Thick-skinned, confused politicians

There are some thick-skinned, confused politicians who are turning the concept of parliamentary democracy on its head.
The terminology that politicians use can sometimes be scary especially when it reflects their warped mentality. And the picture we get isn’t usually pretty.
There’s James Masing, who came up with this outrageous statement in the Borneo Post expressing the belief common among some elected reps that they are the masters or bosses of the rakyat:
The confusion, it appears, is concerning the role of the legislature – which are the elected representatives or YBs. All YBs are elected by the people/ voters. During polling day, the rakyat (people) who have been registered as voters are the ‘boss’. The power is invested on rakyat, by the legislature, to elect who should be the Administrator/ Boss of their lives for the next five years.

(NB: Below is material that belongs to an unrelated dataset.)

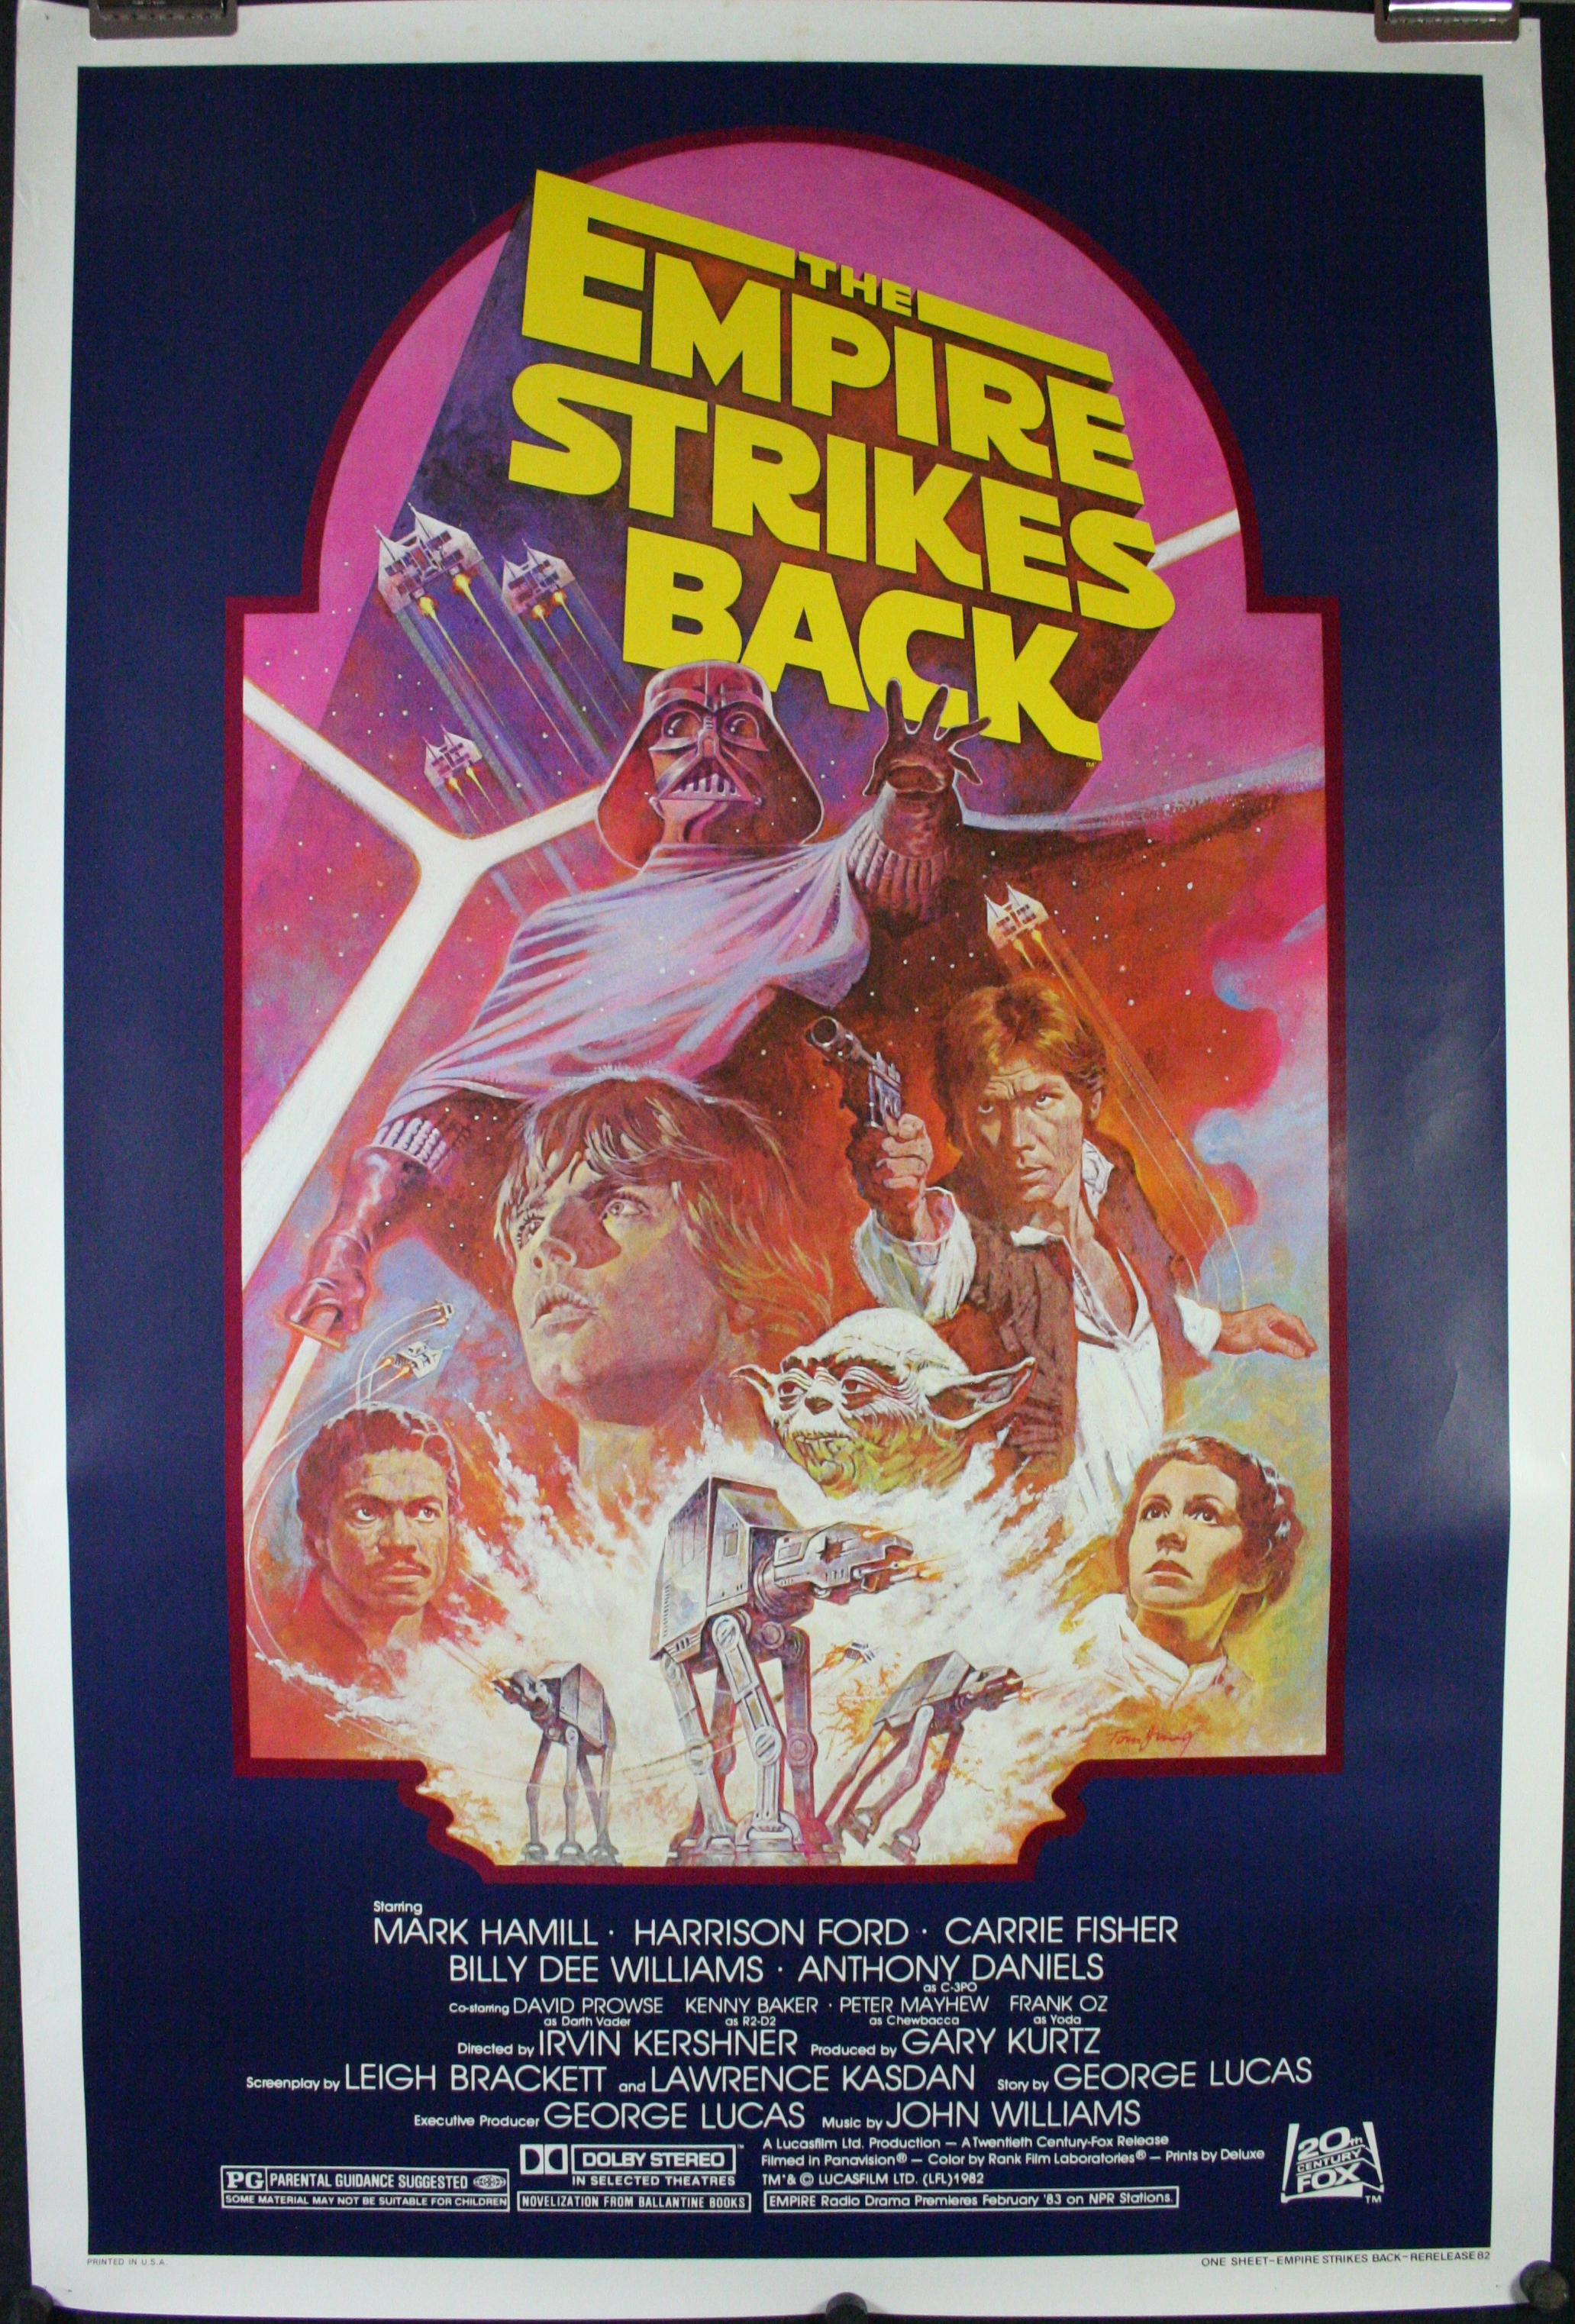 1 BACK, Re WARS Theater Original Release Original Posters - Poster Sheet STRIKES STAR Movie Vintage 82 Movie EMPIRE

Once they have elected their YBs or the administrators, the role changes. The elected representatives become the administrators/ boss of the rakyat, while the rakyat plays a subservient role seeking assistance from the YBs from time to time.
Masing said there was no need for him to apologise for his ‘Jangan Lawan Tauke’ remark. “Apologise for what?”
It is James Masing who is utterly confused or ignorant about the nature of elected reps. Someone should tell him that elected reps are there to serve the people and not to lord it over them as bosses or taukeh. Typical feudal mentality!
It’s government of the people, by the people and for the people. Get it?
Then there’s PM Najib, who likens a general election to going to war, indeed “the mother of all battles”. Where once he was talking about defending Putrajaya at all costs even it means “crushed bodies and lost lives”, now he is talking of generals issuing orders to “attack”. This latest statement of his was reported in the Malaysian Insider:
Najib added that the concept of fielding only “winnable candidates” is the final hurdle in BN’s election plans and said all supporters should accept choices made by the coalition’s leaders.
“The choice must be supported by every one of us because we are at war, the mother of all battles. And if we speak of the mother of all battles, we must make preparations…,” he said.
“And there must be a chain of command. If the general says attack, you must all attack at the same time. We cannot win unless we move as a team. And when we are committed, God willing, Selangor will be returned to us.”